# Newton's Third Law Explanation

1. Nov 1, 2012

For every force exerted by object A on object B, an equal and opposing force is exerted by object B on object A.

I need help understanding the principle. I understand it when dealing with a completely stationary object: pushing on a solid wall, it exerts an equal force back to your hand, resulting in no net movement. But what about when I push something and move it? It seems to me that the force of my hand is greater than the force of the pushed object, since it "gives" under the force and moves. How are the two forces equal?

2. Nov 1, 2012

### mikeph

You feel a force acting on your hand when you push the object- the force does exist and it is equal in magnitude to the force felt by the object. If you were floating in space you would accelerate away from the object.
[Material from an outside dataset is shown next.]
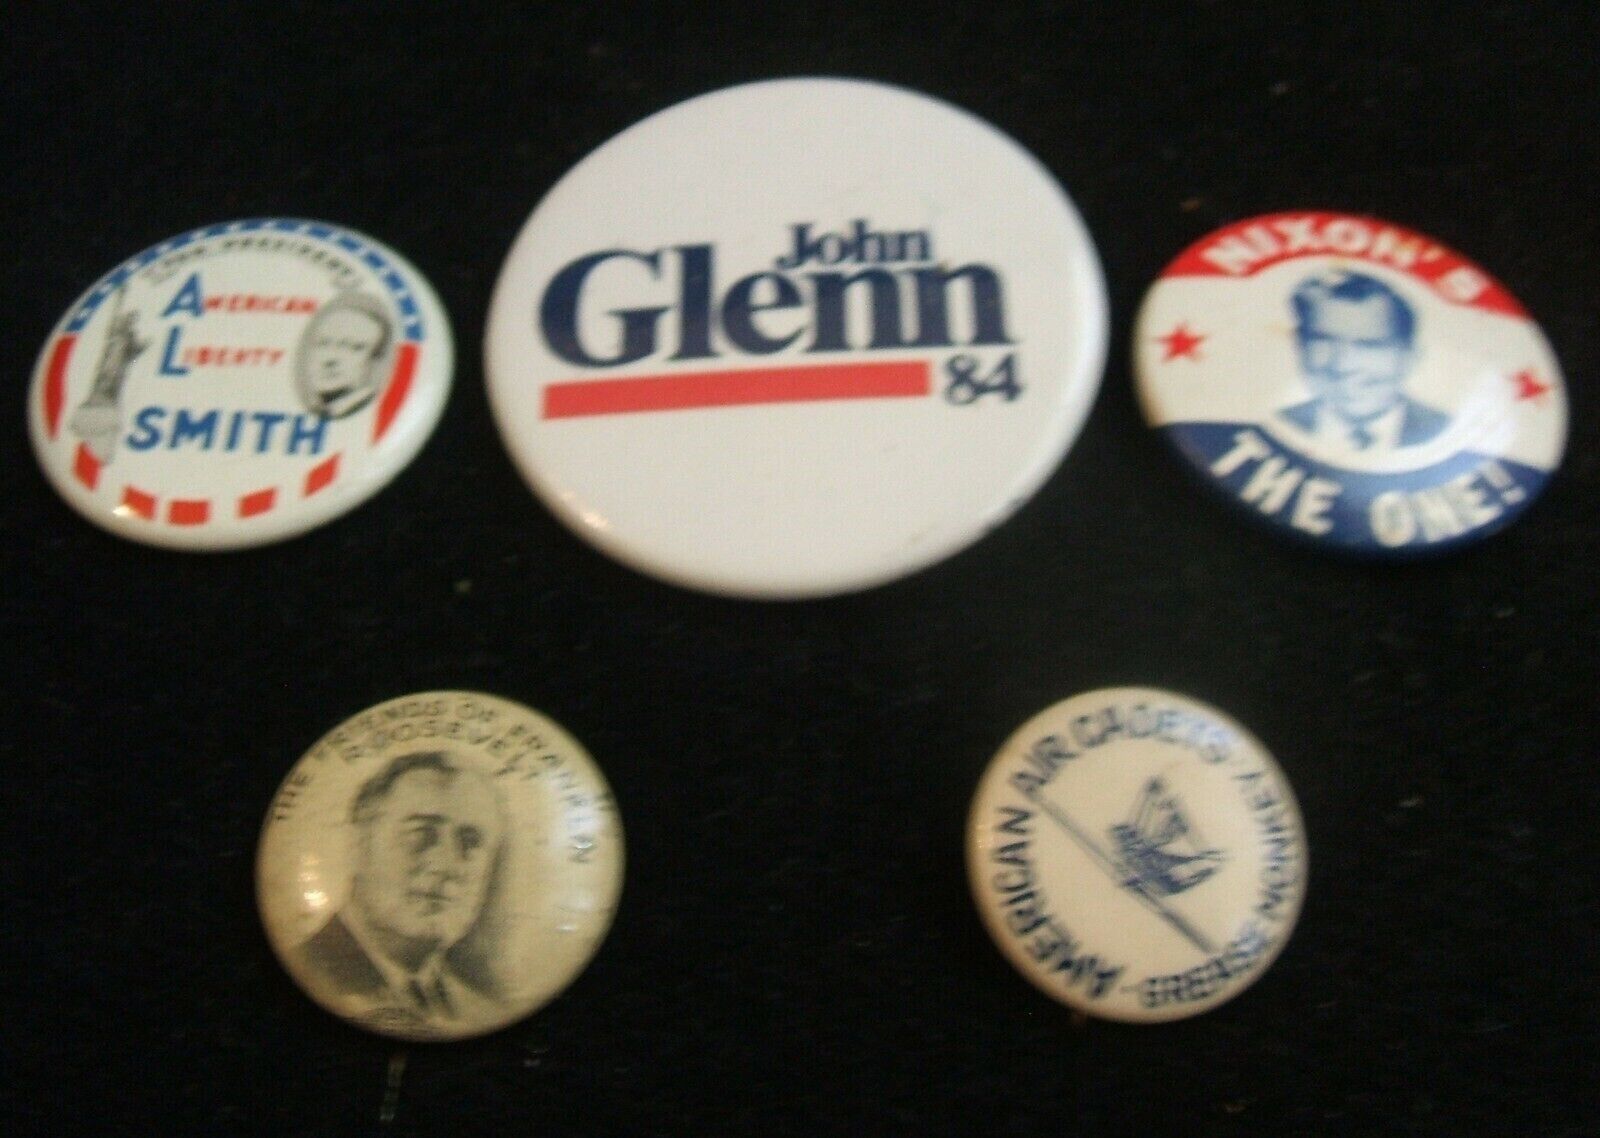 Vintage Lot of 5 Pinbacks Franklin Roosevelt Richard Nixon John Glenn 2 More

Since you're standing on a planet, you can transmit the force through your shoes to the Earth, and the effective mass of you as one large object is huge. So the Earth will slightly accelerate away from the object, but the motion it will be immeasurably small in magnitude.

3. Nov 3, 2012

### Jespermj

Consider Newtons second law F=ma. Imagine you exerting a pushing force on, say, a balloon. The balloon will of course exert the same magnitude of force on you. But because the mass of the balloon is relatively small it must "compensate" by having a greater acceleration. You, having much greater mass, will feel a very small unnoticeable acceleration.

4. Nov 7, 2012

### nicklasaau

If the object you are pushing arent giving you the same amount of force back, you would be compressing the object, the object needs to excert the same force to your push, if it dosent compress. (without talking about friction) an example if a ball lies on the table, the gravitational force acts on the ball, if the ball needs to stay on the table, the table have to create a normal force that has the same magnitude and opposite direction of the gravitational force, else the ball would have a net internalforce thru the table and the table would break, same principle for the push, no compression.

I think you are mixing the internal forces with the external forces, the external forces is things like the gravitation and a push, but the external forces is the forces that are inside an object (newtons 3 law) which is the force that the object need to deliver, for not to be compressed. Internalforces must be 0 for no deformation/compression (newtons 3 law), and the external forces is the ones that cause the motion.

5. Nov 7, 2012

### Fredrik

Staff Emeritus
When no other forces are relevant, like when you and the object are on a frictionless surface or floating in empty space or something, it's impossible for you to push something without changing your own velocity. If your mass and acceleration are denoted by m1 and a1 respectively, and the object's mass and acceleration are denoted by m2 and a2 respectively, Newton's third is telling you that m1a1=-m2a2. As you can see, it's impossible for a2 to be non-zero while a1 is zero.

When other forces (like friction) are relevant, Newton's third still holds, but that last equality doesn't. Suppose e.g. that you put your hands against your kitchen table and push it gently. Nothing happens, so you slowly increase the force. For a while nothing is happening, and then suddenly the table begins to accelerate. What happens here is that as you're increasing the force that you exert on the table, the force exerted by the floor on the table also increases, and remains equal in magnitude to the force you exert on the table until you finally push harder than the floor is able to push back. Then the table will experience an acceleration given by Ma=F-f where M is the mass of the table, F is the force that you exert on the table, and f is the force that the floor exerts on the table once it has started moving.

This idea applies both to you and the object you're pushing. If you push the table and it moves while you remain stationary relative to the floor, what has happened is not that Newton's third has failed. It's just that you're pushing with a force F that's greater in magnitude than the maximum force that the floor can exert on the table, but smaller in magnitude than the maximum force that the floor can exert on you. Because of this, the sum of the forces acting on you (-F+f1=m1a1) is still zero, while the sum of the forces acting on the object (F+f2=m2a2) isn't.